MGM Resorts’s $31.19 billion of debt exceeds the $2.06 billion of cash on its balance sheet. Furthermore, its 12× net-debt-to-EBITDA ratio (based on its EBITDA of $2.43 billion over the last 12 months) shows the company is overleveraged.

MGM Resorts Net Debt Position

At this level of debt, incremental borrowing becomes increasingly expensive and credit agencies could downgrade the company’s rating if profitability falls. MGM Resorts could also be backed into a corner if the market turns unexpectedly – a situation we seek to avoid as investors in high-quality companies.

We hope MGM Resorts can improve its balance sheet and remain cautious until it increases its profitability or pays down its debt.

11. Key Takeaways from MGM Resorts’s Q4 Results

It was good to see MGM Resorts beat analysts’ EPS expectations this quarter. We were also happy its revenue outperformed Wall Street’s estimates. On the other hand, its EBITDA missed and its adjusted operating income fell short of Wall Street’s estimates. Overall, this quarter could have been better.
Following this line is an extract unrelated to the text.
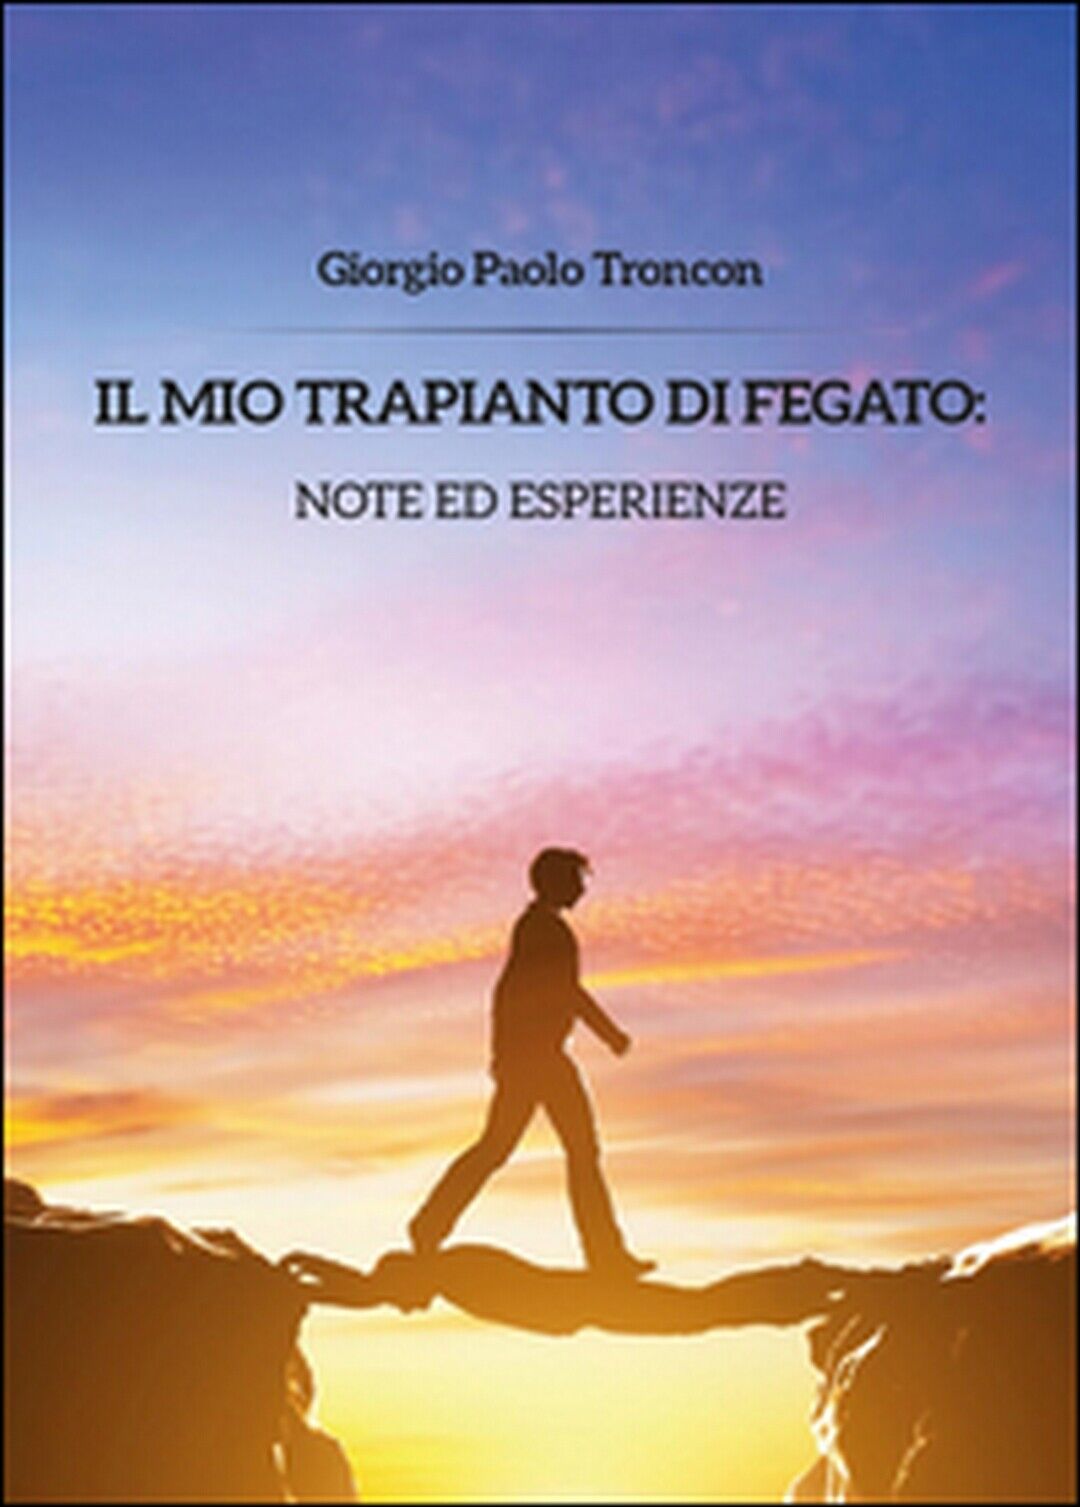 Il mio trapianto di fegato: note... Giorgio Paolo Troncon,  2014,  Youcanprint

The stock remained flat at $37.34 immediately after reporting.

12. Is Now The Time To Buy MGM Resorts?

Updated: February 6, 2026 at 10:02 PM EST

We think that the latest earnings result is only one piece of the bigger puzzle. If you’re deciding whether to own MGM Resorts, you should also grasp the company’s longer-term business quality and valuation.

MGM Resorts falls short of our quality standards. To kick things off, its revenue growth was weak over the last five years, and analysts expect its demand to deteriorate over the next 12 months. On top of that, MGM Resorts’s Forecasted free cash flow margin for next year suggests the company will fail to improve its cash conversion, and its projected EPS for the next year is lacking.

MGM Resorts’s P/E ratio based on the next 12 months is 19.1x. This valuation multiple is fair, but we don’t have much confidence in the company. There are better stocks to buy right now.

Wall Street analysts have a consensus one-year price target of $42.33 on the company (compared to the current share price of $37.34).